31.03.2009 - Economizar água, reciclar o lixo e não poluir o rio Catolé, que abastece o município de Itapetinga (distante 580 quilômetros de Salvador), são algumas ações que Daphini Alves e Felicia Almeida, 16 anos, adotaram na região para preservar os recursos naturais locais.
Alunas da Escola Estadual Alfredo Dutra, as duas reconhecem a importância de debater o tema para garantir a conservação do meio ambiente para as gerações futuras. “As pessoas não se conscientizam cedo, não tem ideia que pequenas atitudes podem mudar o planeta”, defendeu Daphini.
Na opinião de Felicia, a situação está se agravando e as consequências são irreversíveis. “O rio está poluído, as ruas estão sujas de lixo e os dias estão mais quentes, efeito do aquecimento global”, pontuou a estudante.
Para mudar essa realidade e propor alternativas sustentáveis por meio da Lei Estadual de Educação Ambiental, a Secretaria Estadual do Meio Ambiente (Sema), em parceria com a Comissão Interinstitucional de Educação Ambiental (Ciea), está identificando conflitos socioambientais e potencialidades dos 26 Territórios de Identidade do Estado com o Seminário de Consulta Pública da Minuta do Projeto da Lei de Educação Ambiental.
Mobilização - O território de Itapetinga, que abrange 13 municípios da região, foi o 18º a realizar o seminário de educação ambiental. O evento terminou hoje (dia 31) e teve a participação de mais de 280 representantes de comunidades tradicionais, sociedade civil, universidades, poder público e alunos da rede estadual.
Para o secretário estadual do Meio Ambiente, Juliano Matos, a consulta pública vai estruturar o governo na construção da educação ambiental. “A finalidade é ter uma lei legitima, num processo que só se constrói com transparência, diálogo e participação”, defendeu Matos, ao destacar que área ambiental é planetária e tem consequências no mundo inteiro.
O articulador do Território de Itapetinga, Guilherme Rosa, o desmatamento irregular, as queimadas para pastagem e a poluição dos rios, principalmente do Catolé, que abastece a região, são os principais problemas ambientais locais. “A lei só é legal quando é legitima e tem a participação dos maiores interessados que é o povo”, defendeu Rosa.

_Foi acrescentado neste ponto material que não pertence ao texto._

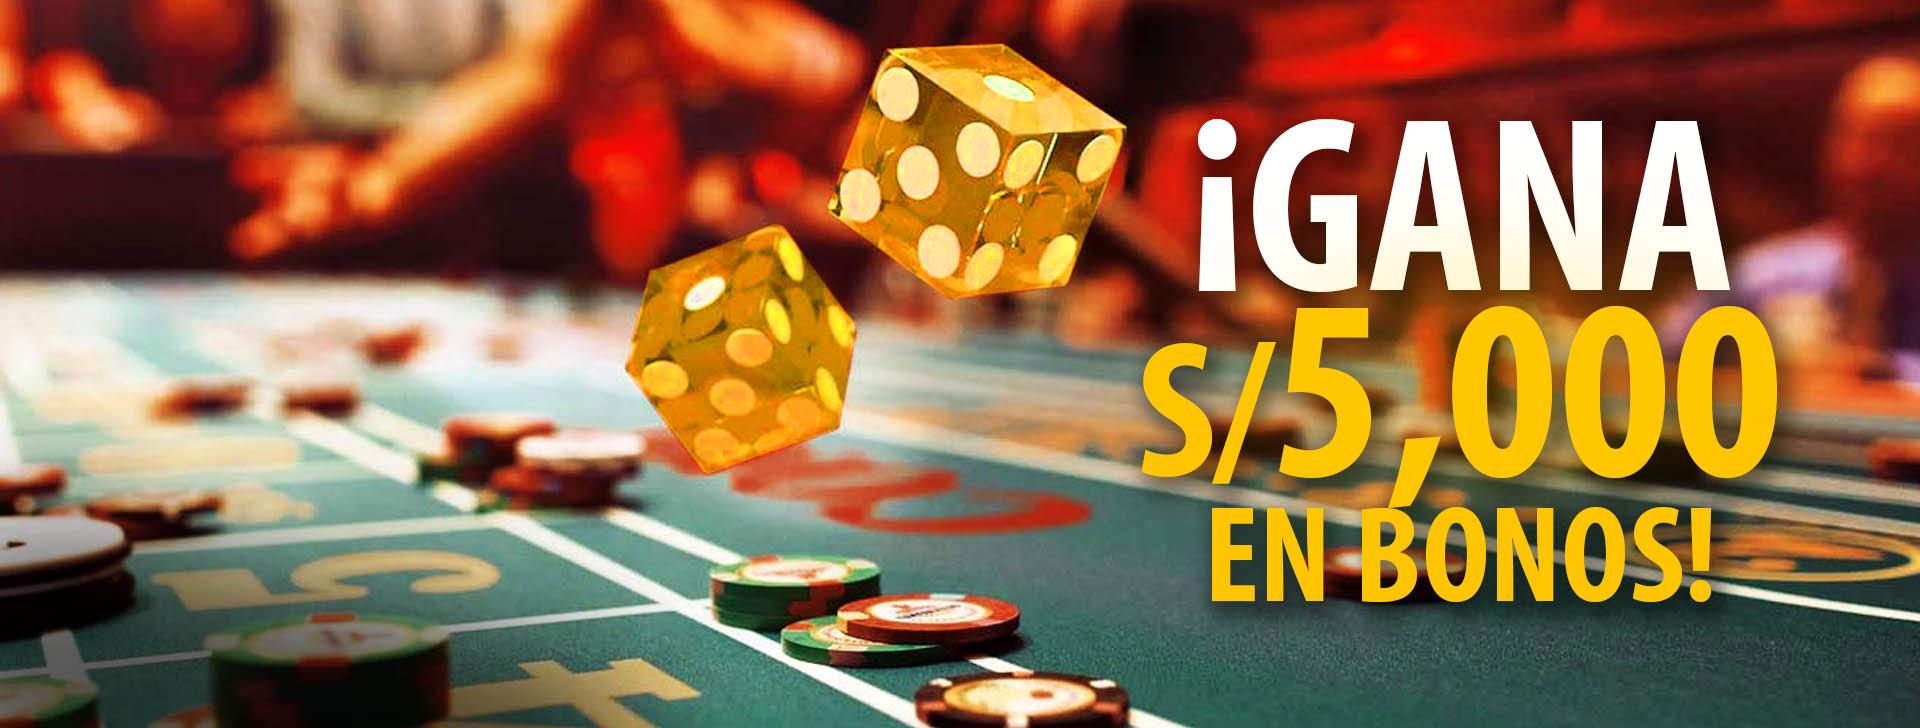 Las mejores casas para jugar casino online - Inkabet

De acordo com a representa da Ciea no seminário, Lucimeire Passos, a iniciativa possibilita que políticas públicas contemplem a realidade local, já que peculiaridades da região serão registradas durante a consulta. “Não é só discutir a minuta da lei, mas mapear a educação ambiental e alocar recursos para a gestão ambiental local”, disse Passos.